From: Fabien COELHO <coelho(at)cri(dot)ensmp(dot)fr>
To: Tom Lane <tgl(at)sss(dot)pgh(dot)pa(dot)us>
Cc: Aleksander Alekseev <aleksander(at)timescale(dot)com>, Thomas Munro <thomas(dot)munro(at)gmail(dot)com>, PostgreSQL Developers <pgsql-hackers(at)lists(dot)postgresql(dot)org>
Subject: Re: rand48 replacement
Date: 2021-11-27 19:11:34
Message-ID: alpine.DEB.2.22.394.2111271951200.223291@pseudo
Views: Raw Message | Whole Thread | Download mbox | Resend email
Thread:
Lists: pgsql-hackers


Hello Tom,

Thanks for the feedback.

> +/* use Donald Knuth's LCG constants for default state */
>
> How did Knuth get into this? This algorithm is certainly not his,
> so why are those constants at all relevant?

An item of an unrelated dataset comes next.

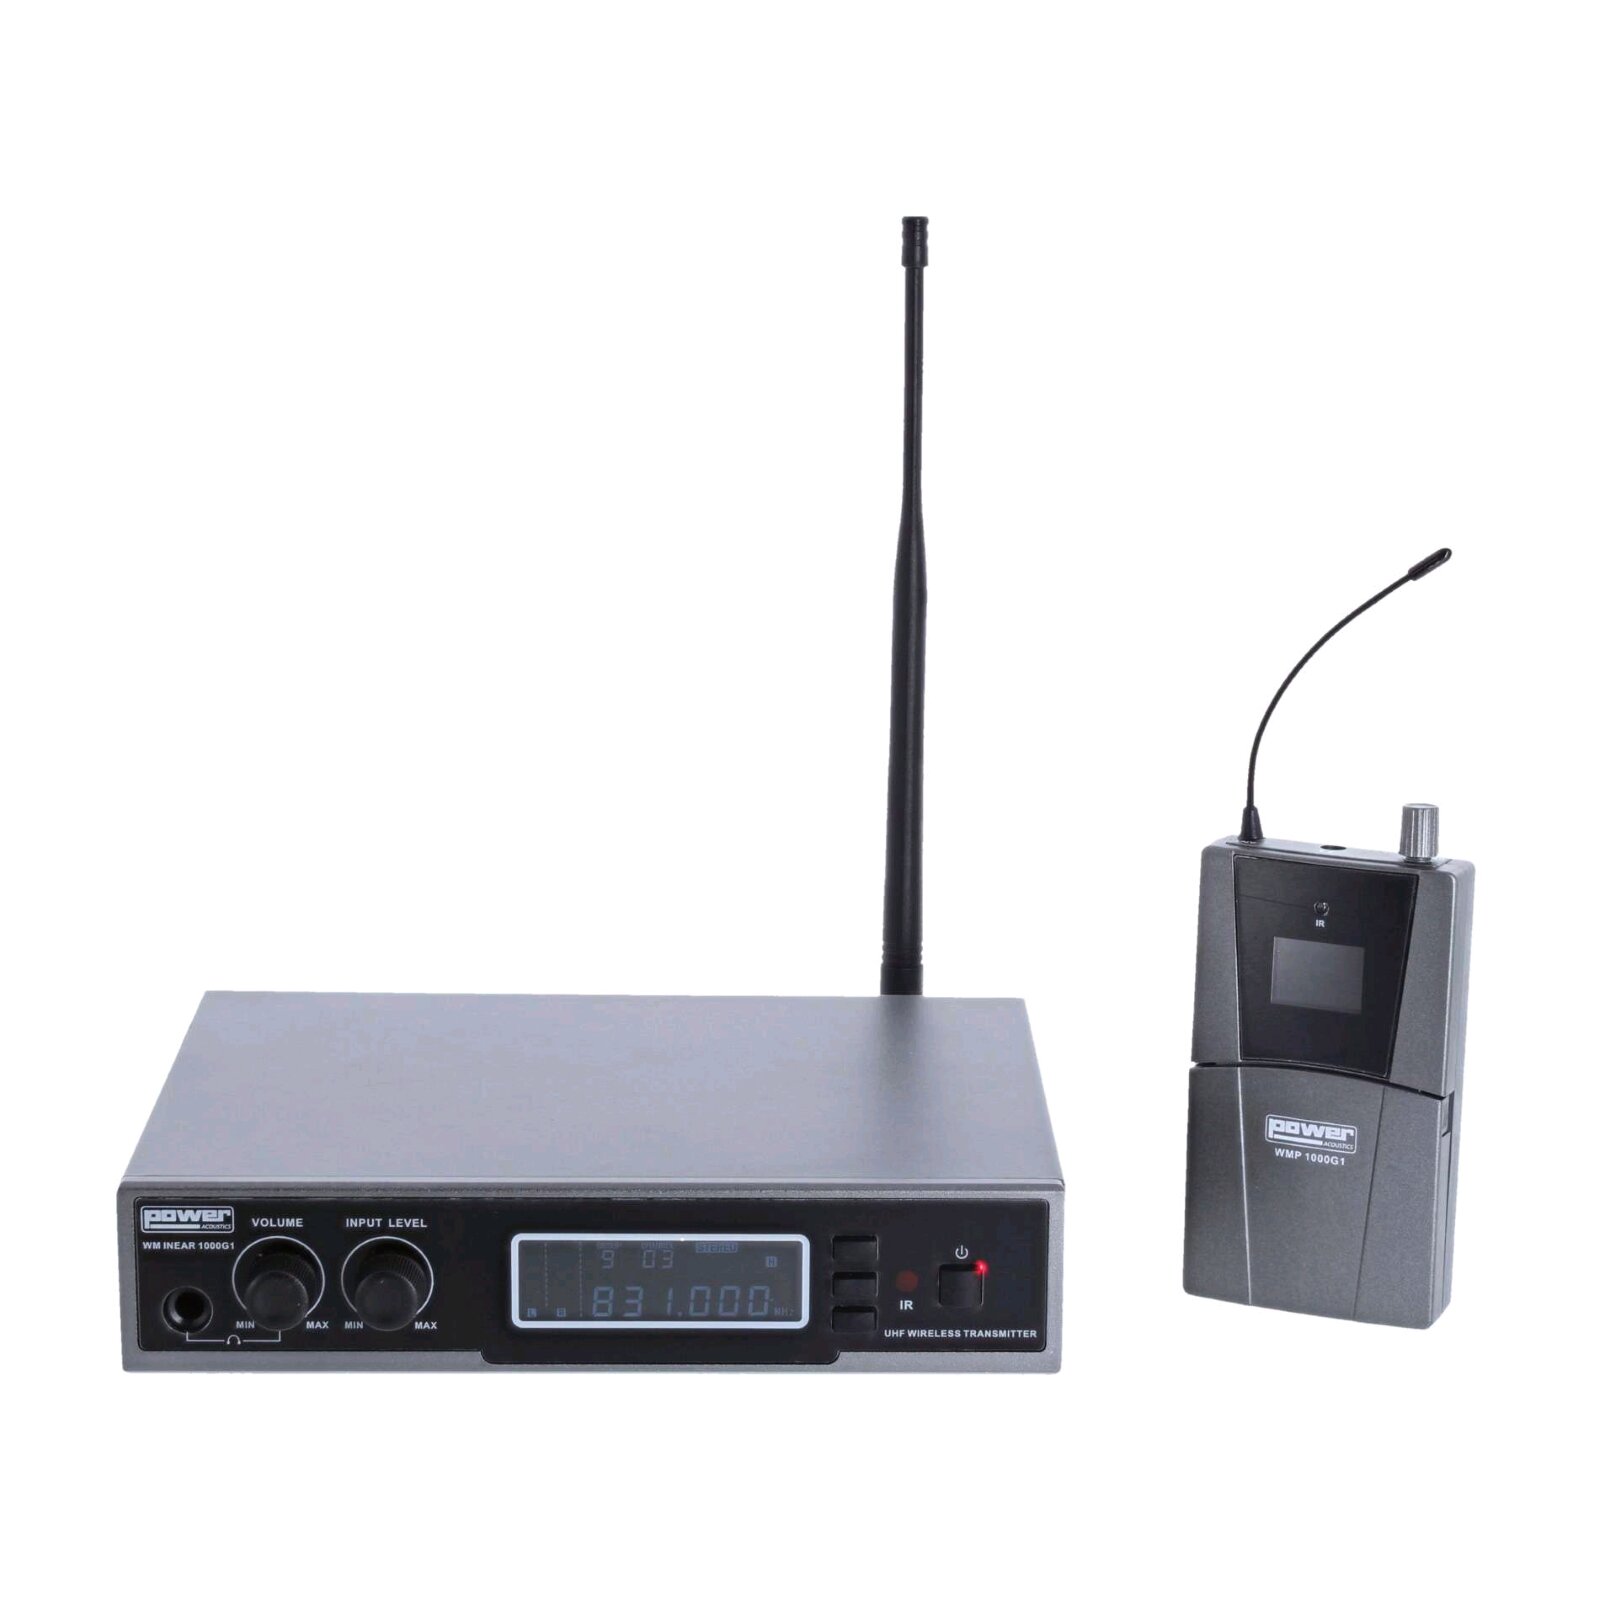 Power Acoustics WM INEAR 1000 G1 Drahtloses Di-Ear-Monitoring-System 823-832 MHz : photo 1
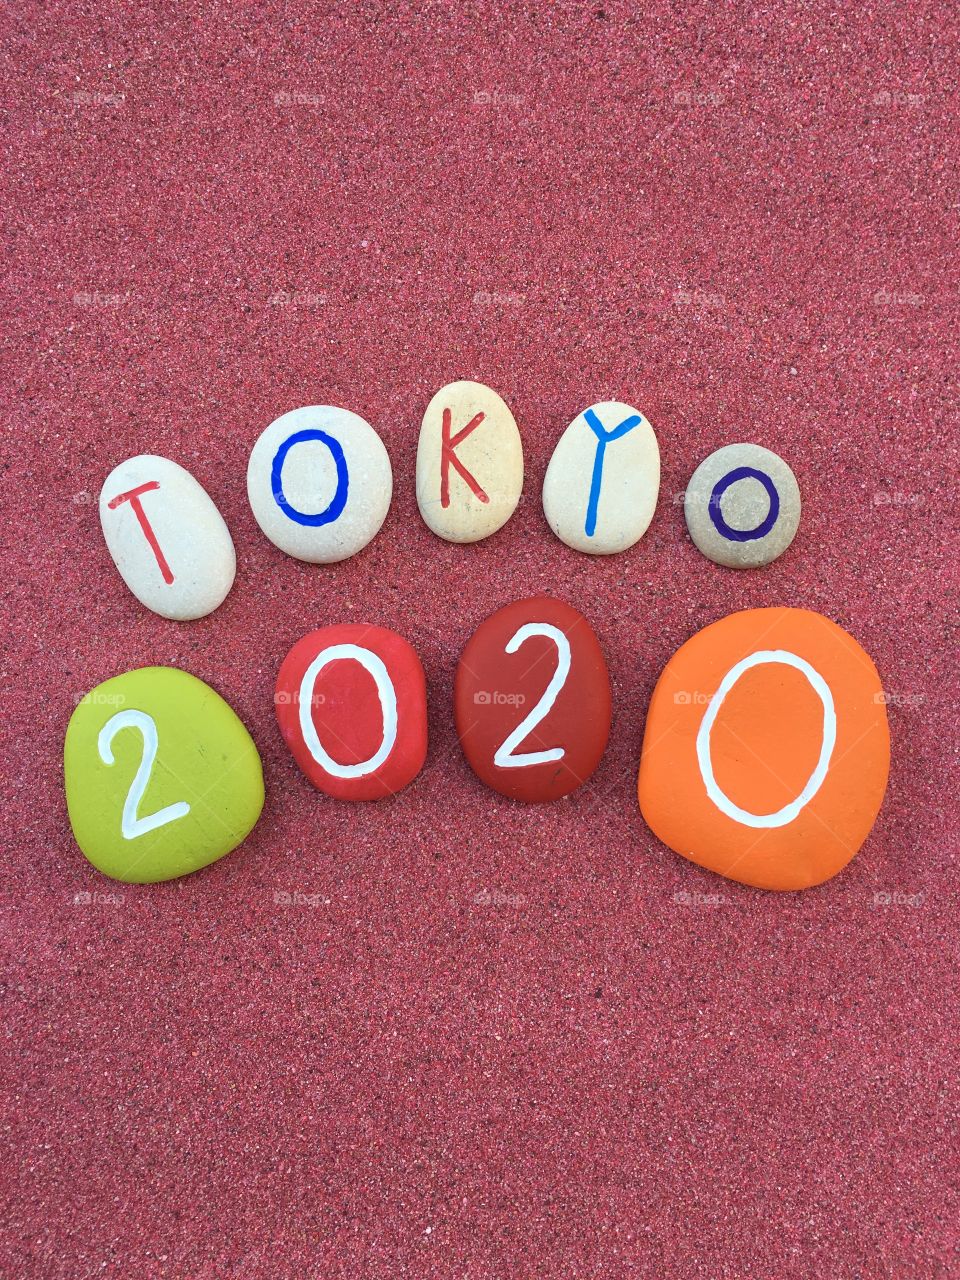 Tokyo 2020, olympic games souvenir

They are not more nor less relevant than any other "random" constant. The
state needs a default initialization. The point of using DK's is that it
is somehow cannot be some specially crafted value which would have some
special property only know to the purveyor of the constant and could be
used by them to break the algorithm.

https://en.wikipedia.org/wiki/Dual_EC_DRBG

> * I could do without the stream-of-consciousness notes in pg_prng.c.
> I think what's appropriate is to say "We use thus-and-such a generator
> which is documented here", maybe with a line or two about its properties.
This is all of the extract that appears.